6 Of The Very Best Fancy Wines, From Rare Bottles To Champagne With Pedigree

By Jo Burzynska
Viva
Photo / Babiche Martens

“Let’s gallop on the steeds of wine, to heavens magic and divine,” wrote the poet Charles Baudelaire, evoking the transcendent nature of this special liquid.

Millions of mass-produced bottles may be tossed into supermarket trolleys around the globe, but wine is one of the world’s most ancient luxury goods. And there are still bottles that go well beyond the limits of the ordinary, exceeding others in the recognition of their quality, rarity, prestige and price.

Aotearoa’s most expensive wine: Destiny Bay Magna Praemia Waiheke Island 2019, $680

Refinement and complexity combine in this impressive blend of 75 per cent cabernet sauvignon, 14 per cent merlot, and a little malbec, cabernet franc and petit verdot. Fresh and finely textured, it layers notes of cassis and cherry with fragrant sandalwood and violet, hints of cocoa, earth and a ferrous minerality. 

Photo / Babiche Martens
Photo / Babiche Martens

“Magna Praemia was $275 when we started and people thought that was absolutely insane,” says Destiny Bay’s Sean Spratt.

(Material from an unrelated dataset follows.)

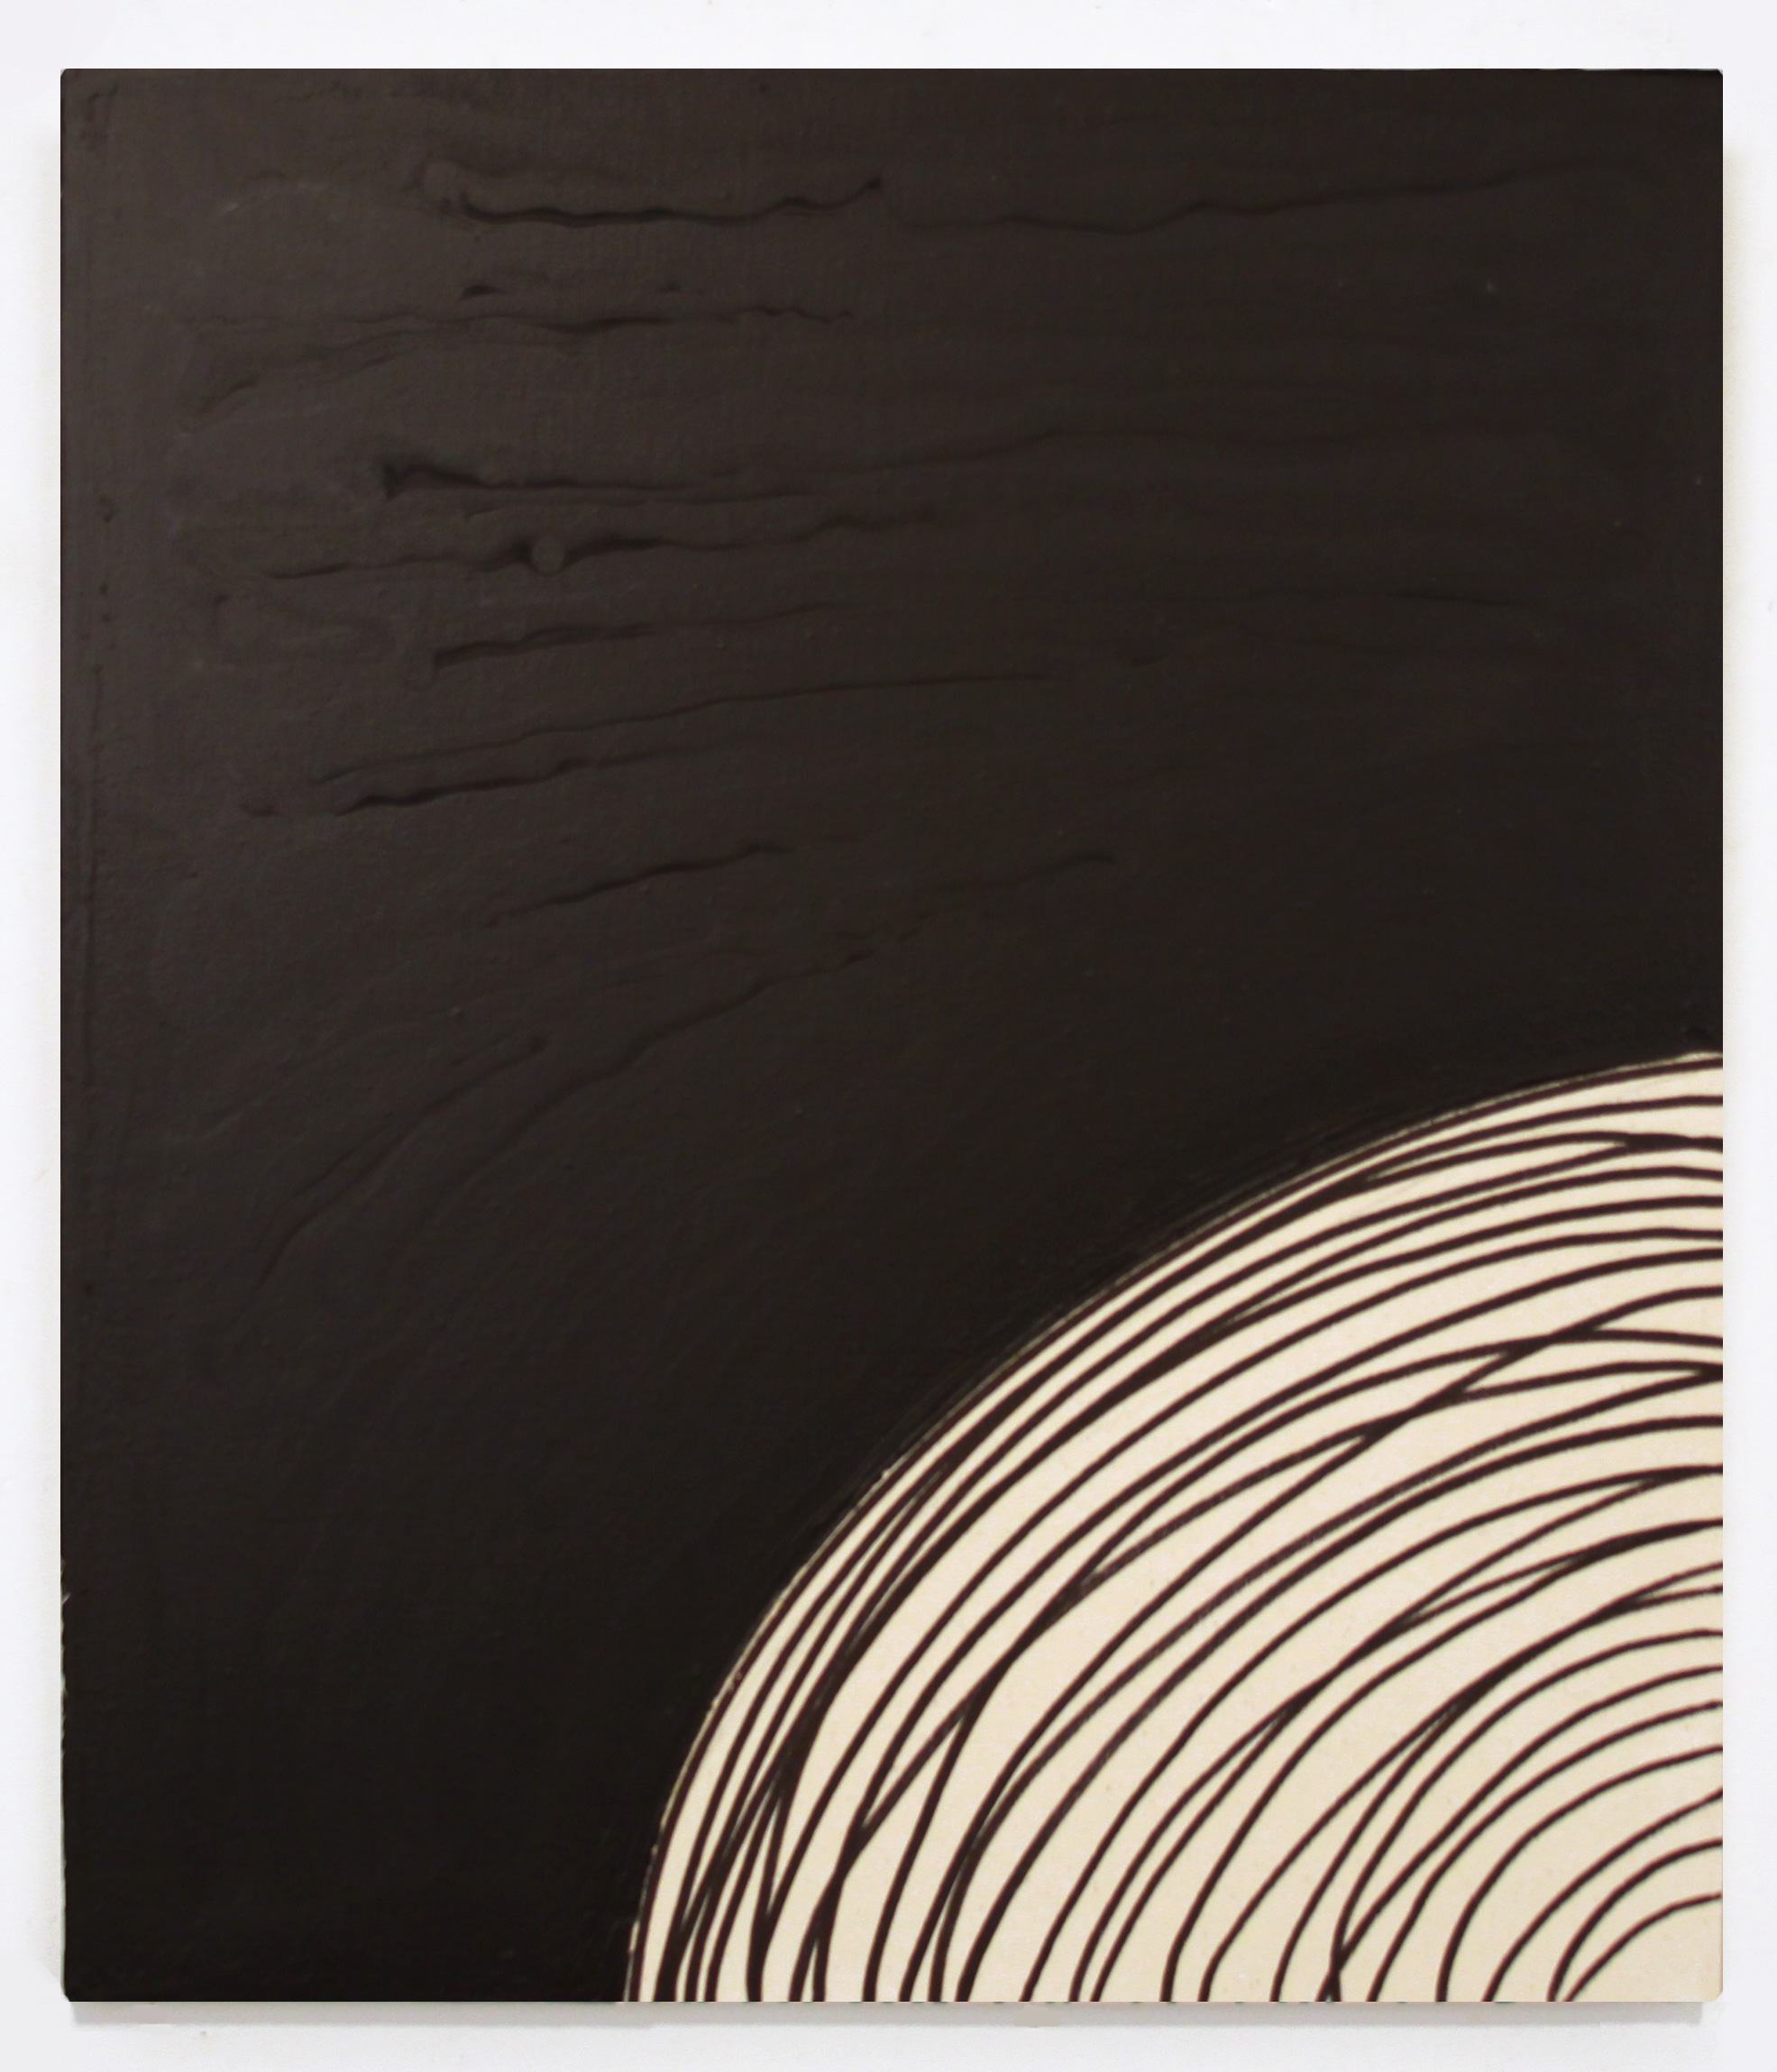 K_Black_Painting_2012_2010s_Gary_Kuehn

Now retailing at $680, Magna Praemia is likely Aotearoa’s most expensive wine (although it can be purchased for less through its Patron Club). Nevertheless, since its first vintage in 2005, it’s attracted a loyal following overseas and in Aotearoa.

Sean and his parents bought land on Waiheke Island that was serendipitously declared a “fantastic site” for cabernet sauvignon by respected wine consultant Dr Tony Jordan. This spurred the family to plant a 5.7ha vineyard dedicated to making ultra-premium cabernet blends. “We felt that the vineyard picked us,” Sean explains, “and presented the opportunity to make a great cabernet blend that would stand up against any other cabernet in the world.

“Making wine by hand is incredibly expensive; the pricing is not just a marketing exercise,” he maintains. At Destiny Bay, quality is underpinned by choices such as keeping grape yields incredibly low 25 per cent less than even Bordeaux’s legendary First Growths and maturing its wines in oak barrels costing close to $2000 each.

Then there’s tending the steep slopes of the vineyard and the meticulous attention paid in the winery. “We hand-harvest and hand-sort, it’s a berry-by-berry selection,” Sean elaborates. He and his family undertake much of this work personally, which Sean says further elevates Magna Praemia.

“New Zealand winemakers have perhaps not given themselves enough credit on the world’s wine stage,” says Sean. “Some of their wines have stood up against some heavy hitters from the Old World, but then they’re only $65 a bottle.”

A Champagne with an impeccable pedigree: Krug Grande Cuvée 169ème Édition Champagne, $350-$360

There are 146 wines in the 169ème Édition of Krug’s pinot noir-dominant multi-vintage blend, 60 per cent of which hails from the 2013 vintage. It’s a sensational Champagne with the Grand Cuvée’s characteristic power and finesse in its balance between richness and rapier-like acidity. Aged for around seven years on its yeast lees, this ultra-complex wine layers rich notes of toasted hazelnut, rye bread, malt biscuit and baking spice, with lifted citrus and a fine minerality. 

More established winemaking nations have been less coy about charging top dollar for their ultra-premium labels, whose “perceived value” how much a consumer is willing to pay is regularly far higher. Often this is based on the reputation of the region in which they’re made, and the standing of the producer. Nowhere is this more true than in Champagne, a name in itself that has become synonymous with luxury.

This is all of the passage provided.